What's the difference between rust and trust?

Rust


Definition:

  • (v. i.) To contract rust; to be or become oxidized.
  • (n.) The reddish yellow coating formed on iron when exposed to moist air, consisting of ferric oxide or hydroxide; hence, by extension, any metallic film of corrosion.
  • (n.) A minute mold or fungus forming reddish or rusty spots on the leaves and stems of cereal and other grasses (Trichobasis Rubigo-vera), now usually believed to be a form or condition of the corn mildew (Puccinia graminis). As rust, it has solitary reddish spores; as corn mildew, the spores are double and blackish.
  • (n.) That which resembles rust in appearance or effects.
  • (n.) A composition used in making a rust joint.
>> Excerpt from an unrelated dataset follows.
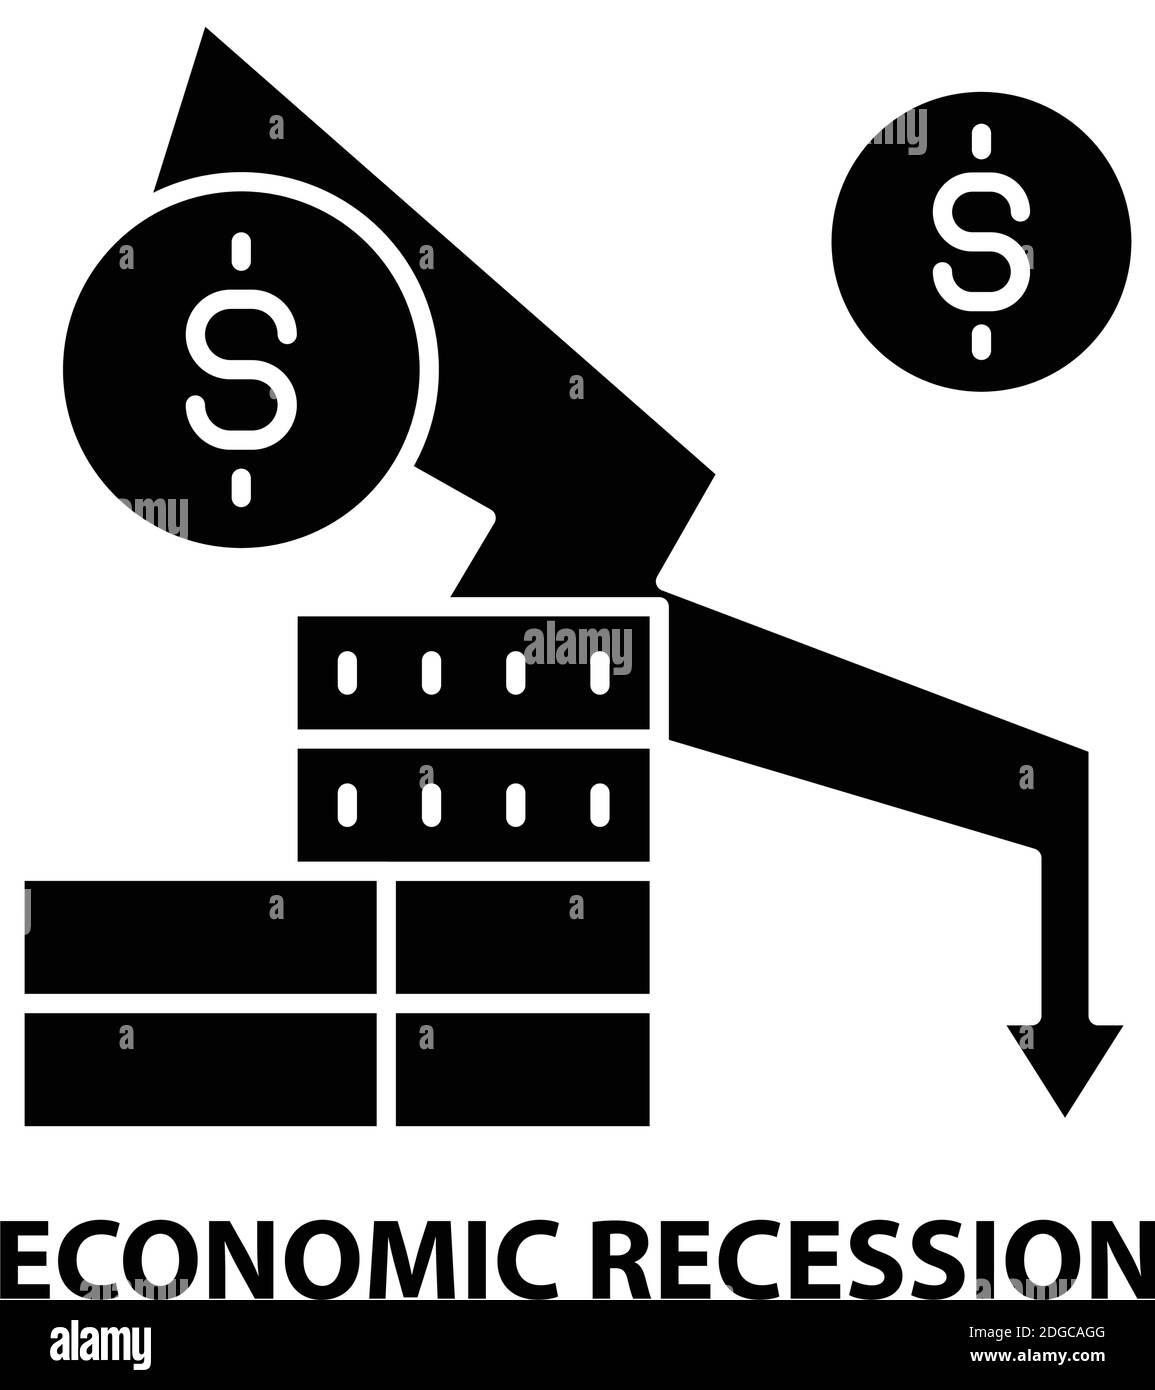 economic recession icon, black vector sign with editable strokes, concept illustration Stock Vector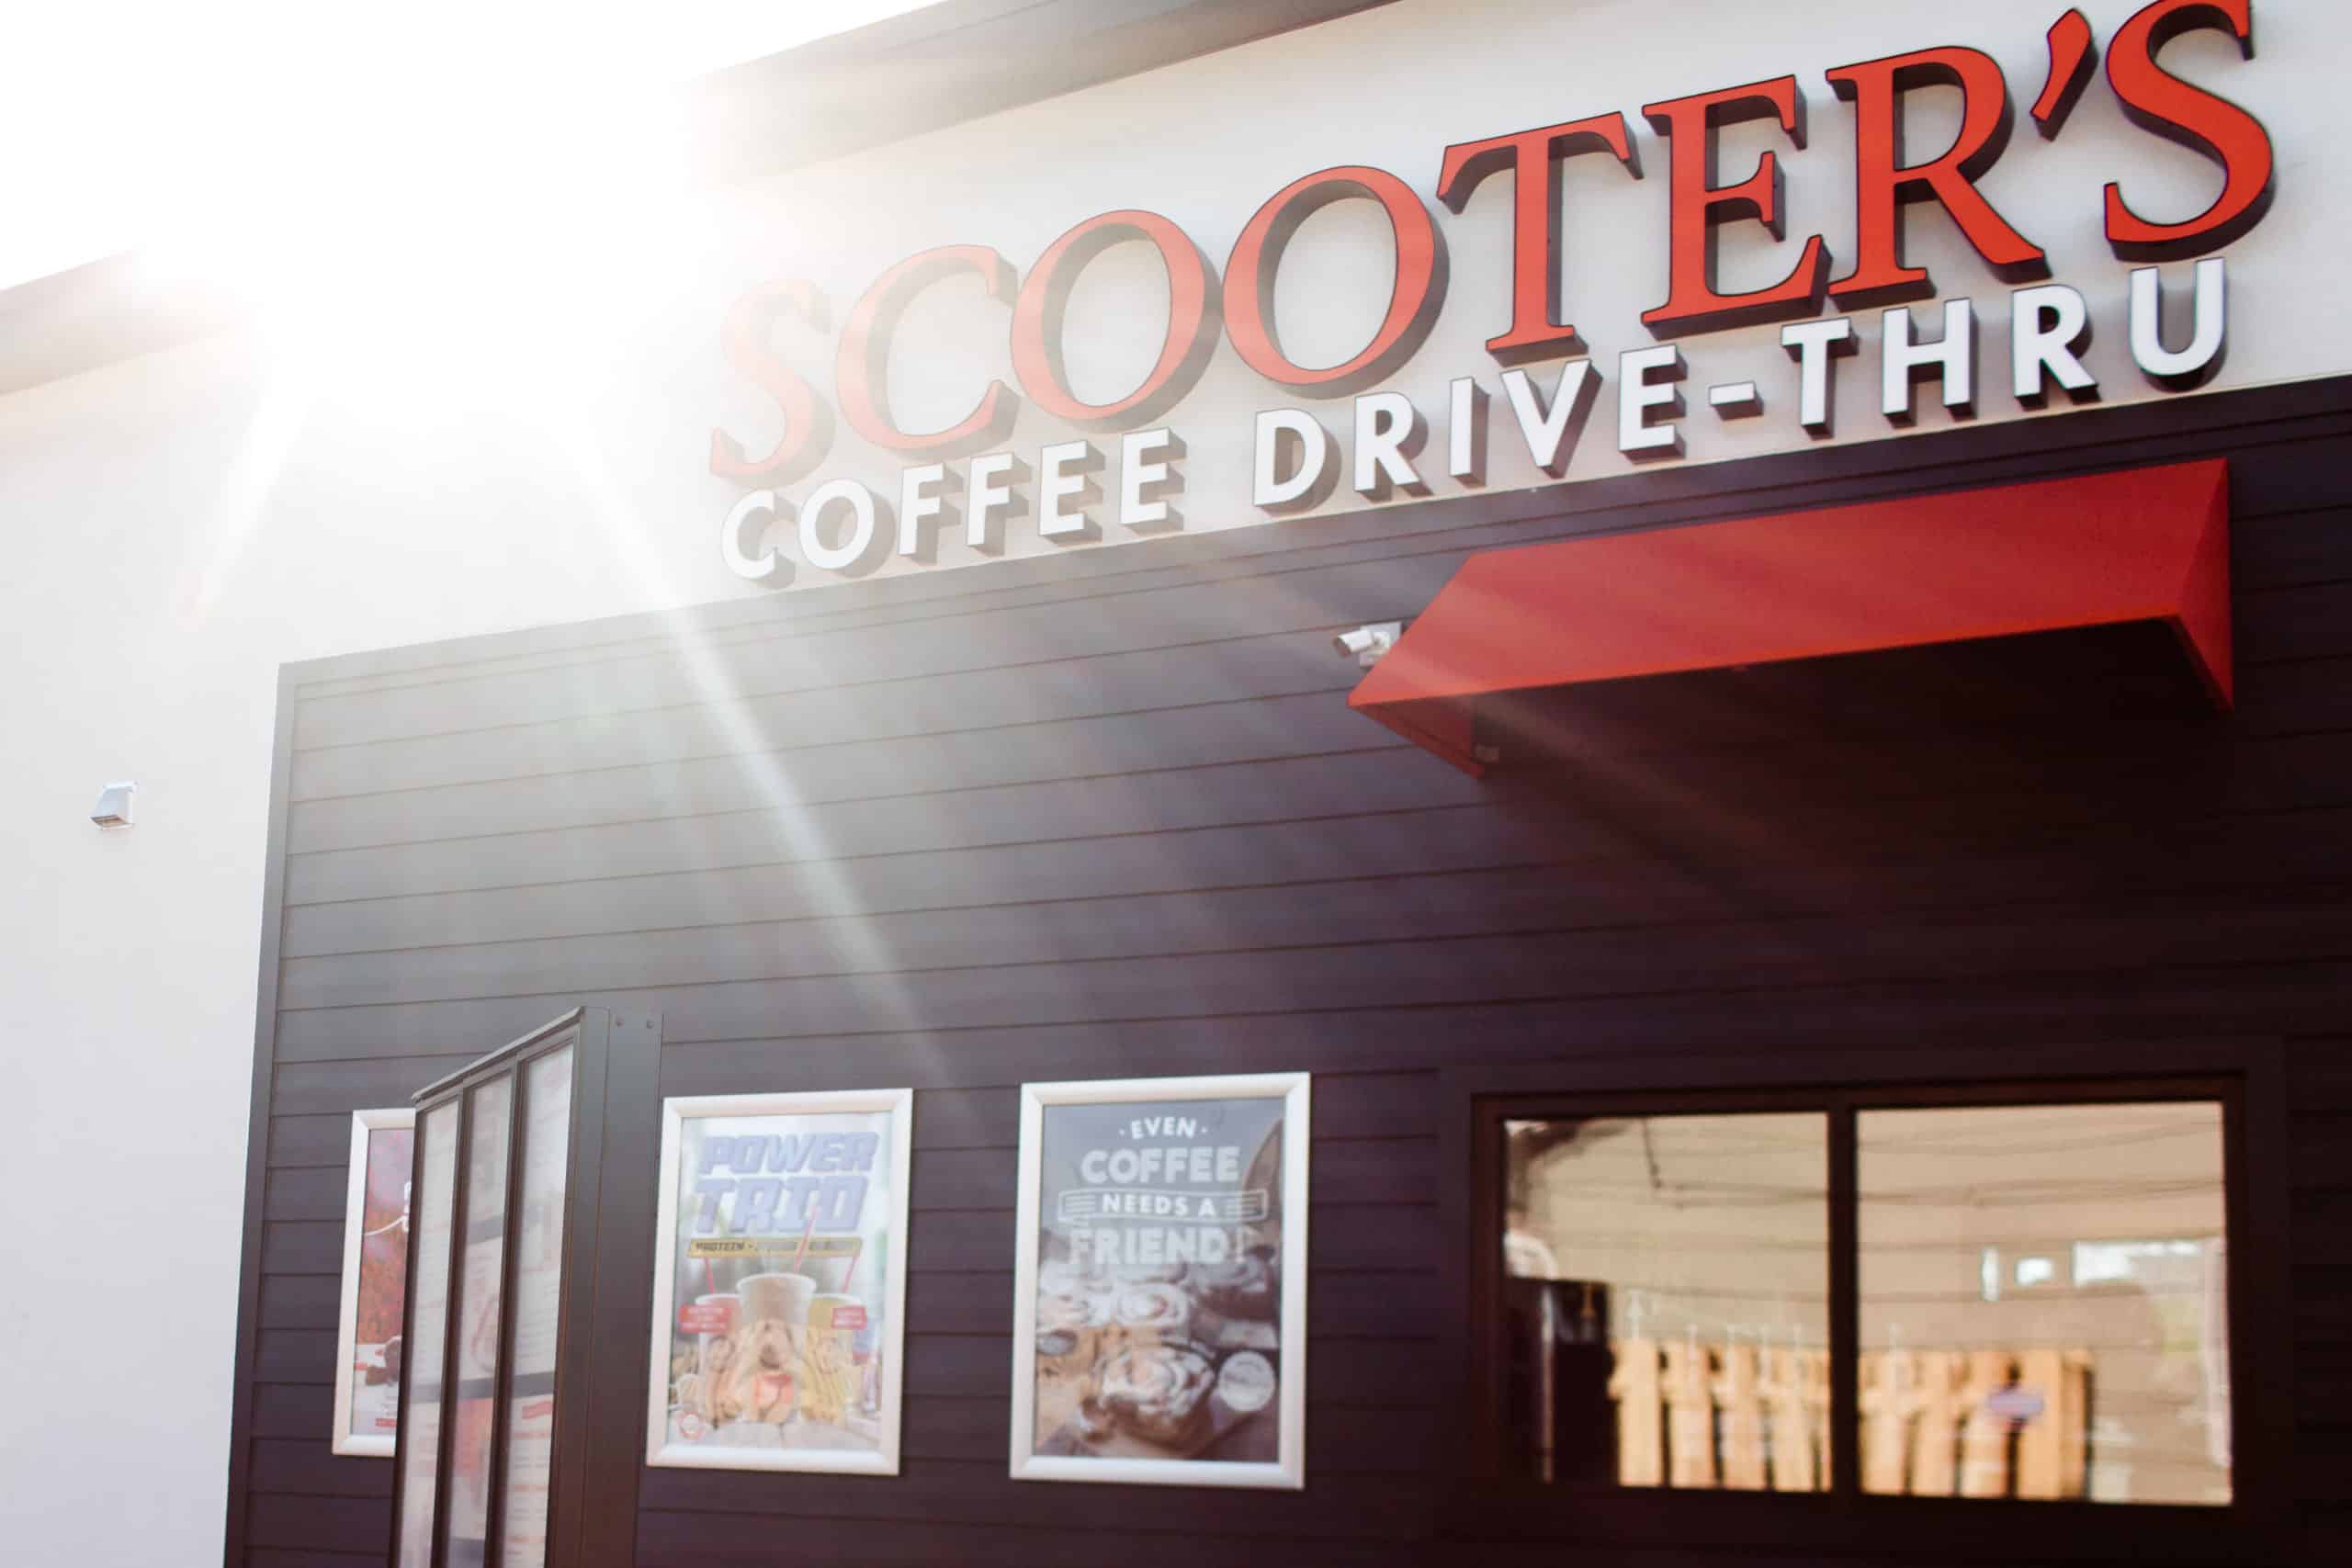 Scooter's Coffee Drive-Thru

See Rust joint, below.
  • (n.) Foul matter arising from degeneration; as, rust on salted meat.
  • (n.) Corrosive or injurious accretion or influence.
  • (v. i.) To be affected with the parasitic fungus called rust; also, to acquire a rusty appearance, as plants.
  • (v. i.) To degenerate in idleness; to become dull or impaired by inaction.
  • (v. t.) To cause to contract rust; to corrode with rust; to affect with rust of any kind.
  • (v. t.) To impair by time and inactivity.

Example Sentences:

  • (1) The reasoning in Rust v Sullivan allows government to limit freedom of speech in federally funded programs.
  • (2) Here, abandoned cars don’t just sit and rust, they are swallowed by the jungle.
  • (3) The cause, they claimed, was emissions from the mine's sulphuric acid factory as well as outflow from mountains of rust-red waste, dumped over 15 years with little concern for the environment.
  • (4) The bean rust fungus, Uromyces appendiculatus, undergoes thigmotropic differentiation to produce infection structures.
  • (5) Pain relief is more rapid after electric drill removal; this is probably related to the complete removal of the rust.
  • (6) And no wonder: unemployment in the Garden State is at a 35-year high of 9.8% – the fourth-worst in the nation – and unlike in the Rust Belt states or other hard-hit regions, in Jersey unemployment is still climbing .
  • (7) Hill, who cut an unusual touchline figure in green jacket and rust cords, preferred to praise Wednesday for the quality of their set plays rather than blast his defenders for their inability to defend them.
  • (8) Worse, pests like the berry borer beetle and leaf rust fungus are flourishing as the world warms.
  • (9) The rusted bike was found in a large white container where its owner, Ikuo Yokoyama, had kept it.
  • (10) Mr X invested money into buying old equipment from other abandoned coal mines – this was not difficult because abandoned mines with rusting equipment are not in short supply in North Korea today.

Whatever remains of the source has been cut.